TL;DR: there's a cadre of policymakers (current commissioner Ajit Pai among
them) who are dogmatic about applying Ronald Coase's famous 1959 article "The
Federal Communications Commission", which argued that a property-based market
pricing system was the most efficient way to allocate spectrum.

I tried to argue that the fundamental problem isn't allocation of spectrum per
se, but maximizing aggregate throughput. Yes, there's no disputing Coase's
argument if we stick to the premise of figuring out how best to subdivide and
distribute a finite set of spectral bands in a top-down fashion. But from a
theoretical technological perspective that context was nearly outdated by
1959. By the time of the conversation in 2010, OFDM and beam-forming were
standard, validating as a practical matter David Reed's argument that spectrum
efficiency (in terms of number of data channels and aggregate throughput) is
ultimately a matter of computational power and not primarily limited by
spectral interference per se. The better allocation policy, therefore, is to
rely more on open spectrum and let technology battle it out.

That's still a marked-based approach; indeed, it's _more_ market-based; it's
just not property-based. But he just wasn't having it.

This DARPA challenge is great, but there are policymakers, including
policymakers currently in charge of the FCC, who fundamentally disagree with
the approach. In their mind, the private owner of spectrum can be relied upon
to select the technology that makes maximum use of the spectrum. But this
completely ignores rent-seeking behavior. There is no _ideal_ allocation of
spectrum; it's all contingent on many different variables wrt to the path of
technological development, not to mention the basic fact that competition
isn't perfect.[1] Private owners of spectrum have an incentive to seek the
outcomes that maximize their profit even if it they result in less efficient
_usage_ of spectrum (e.g. less aggregate point-to-point bandwidth). This has
been proven empirically because until recently it was WiFi that was at the
leading edge of spectral efficiency as deployed, and it still would be were it
not for government regulatory policies that prevent WiFi and similar open
spectrum environments from scaling up.[2]

If we can't agree on the basic problem we're trying to solve, we won't be able
to agree on the solution.

[1] Importantly, Coase's argument is premised on perfect competition. Sadly,
some very influential academics and policymakers adamantly refuse to accept
that violating such a basic premise could potentially result in completely
different (i.e. very inefficient) outcomes. This is the epitome of dogmatic,
non-scientific thinking, but as it's based on a true _theoretical_ model it's
cloaked as a scientific, fact-based approach.

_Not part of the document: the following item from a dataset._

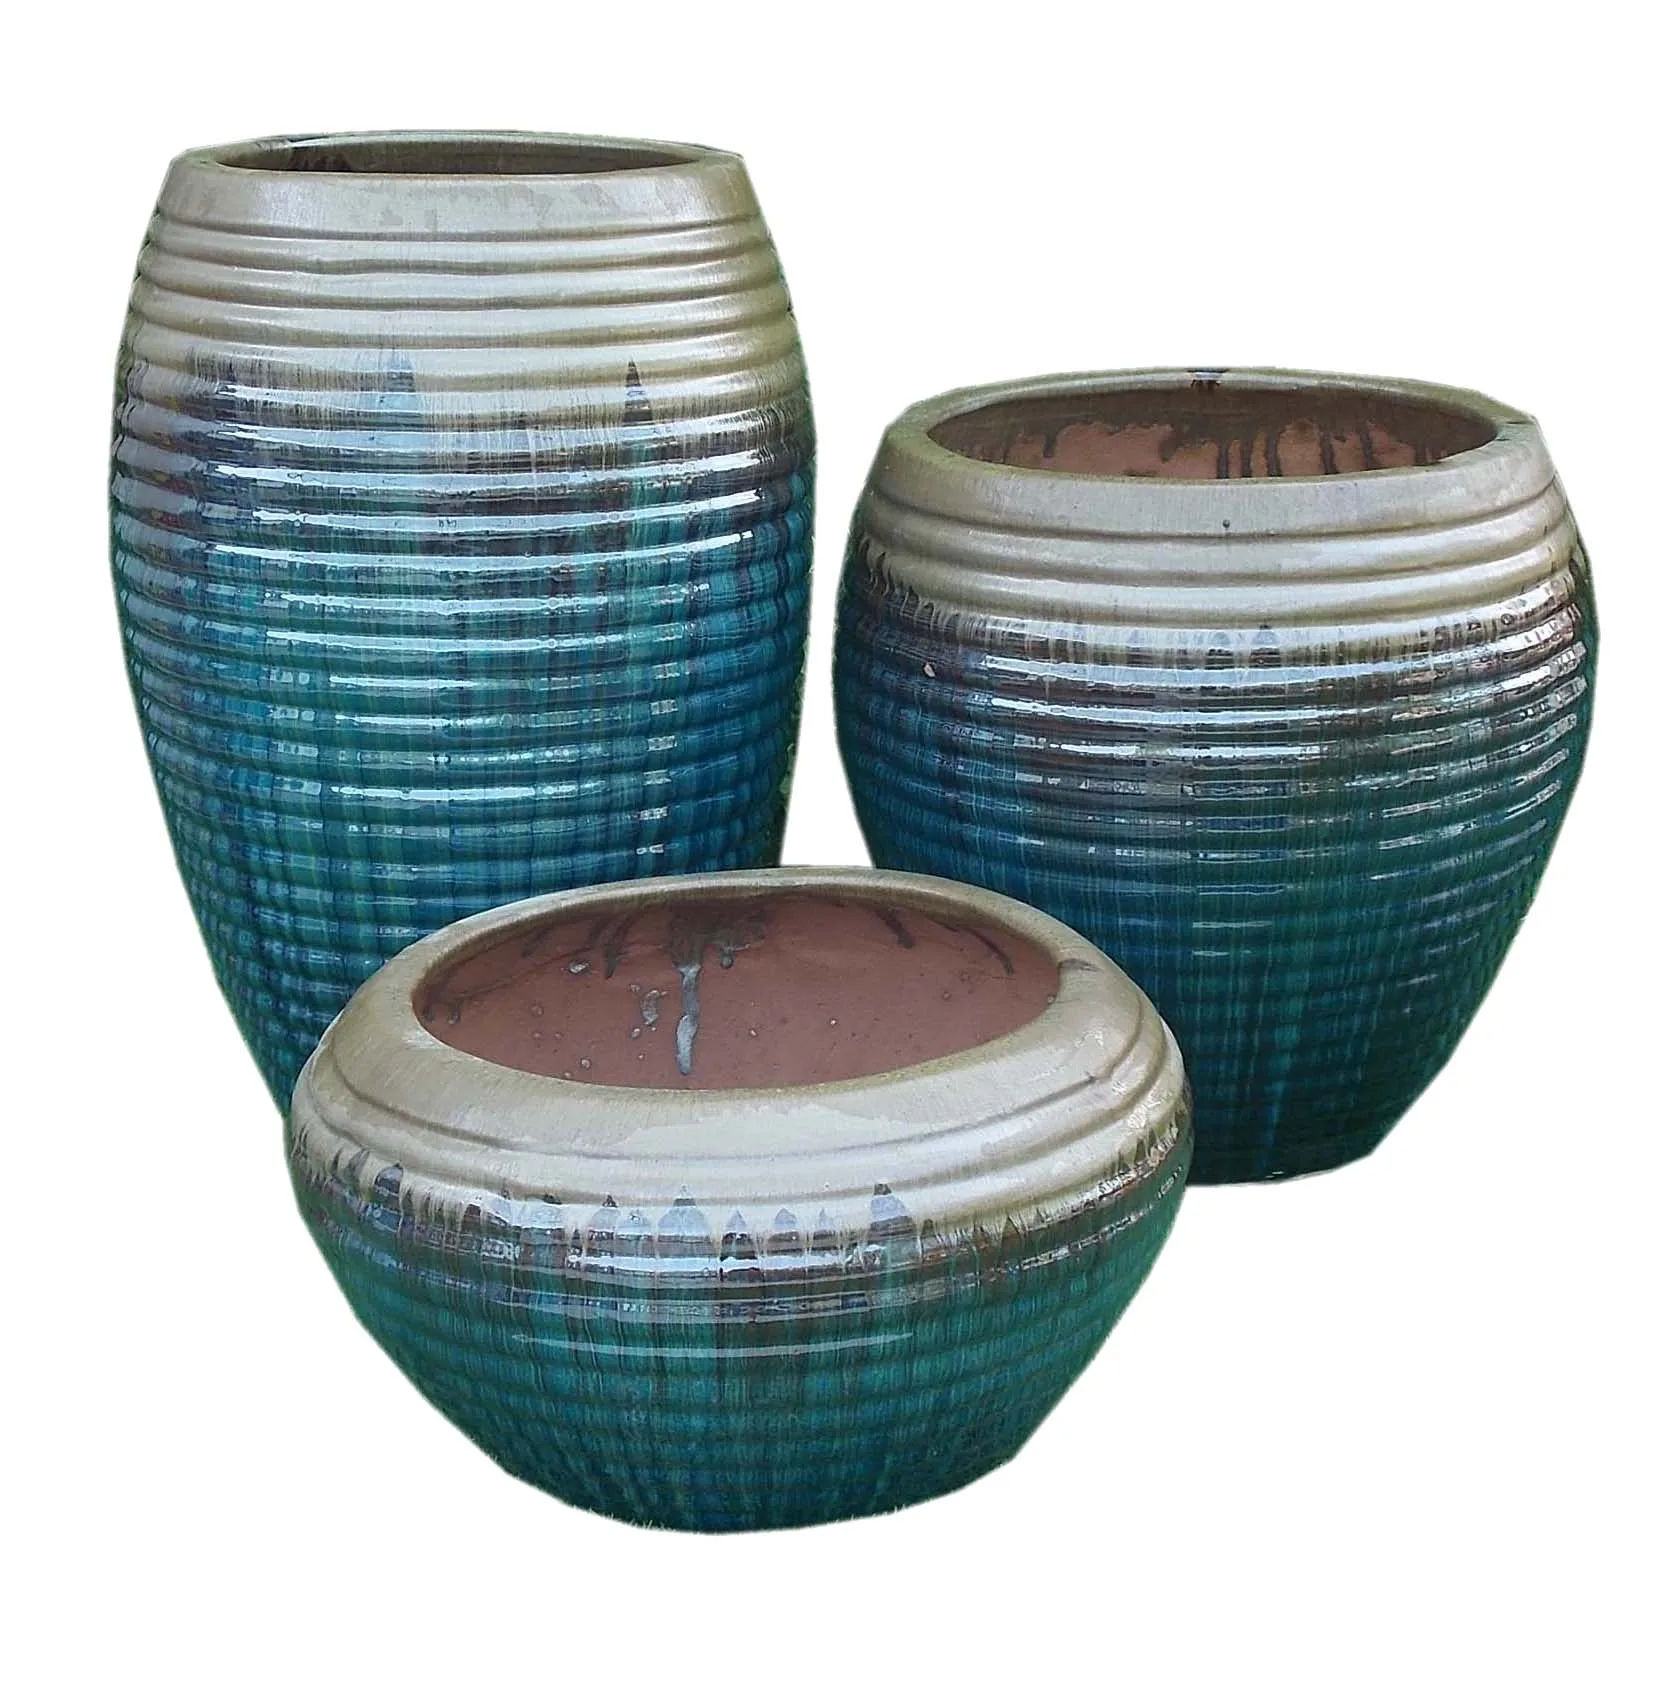 Handmade Simple Style European Design Ceramic Flower Planter Glazed Pottery Decorative Live Garden Flower Pot for Outdoor Use

[2] Which is not to say that there isn't a role for gov't regulation. But many
regulations would be different if we went all in on open spectrum policy. If
I'm right then in the next few years WiFi or something similar will begin
pushing the envelope again, forcing telecom operators to continue competing
with open spectrum solutions; _or_ spectrum efficiency will plateau again and
data rates will slowly rise as spectrum owners pursue rent-seeking over
technological investment.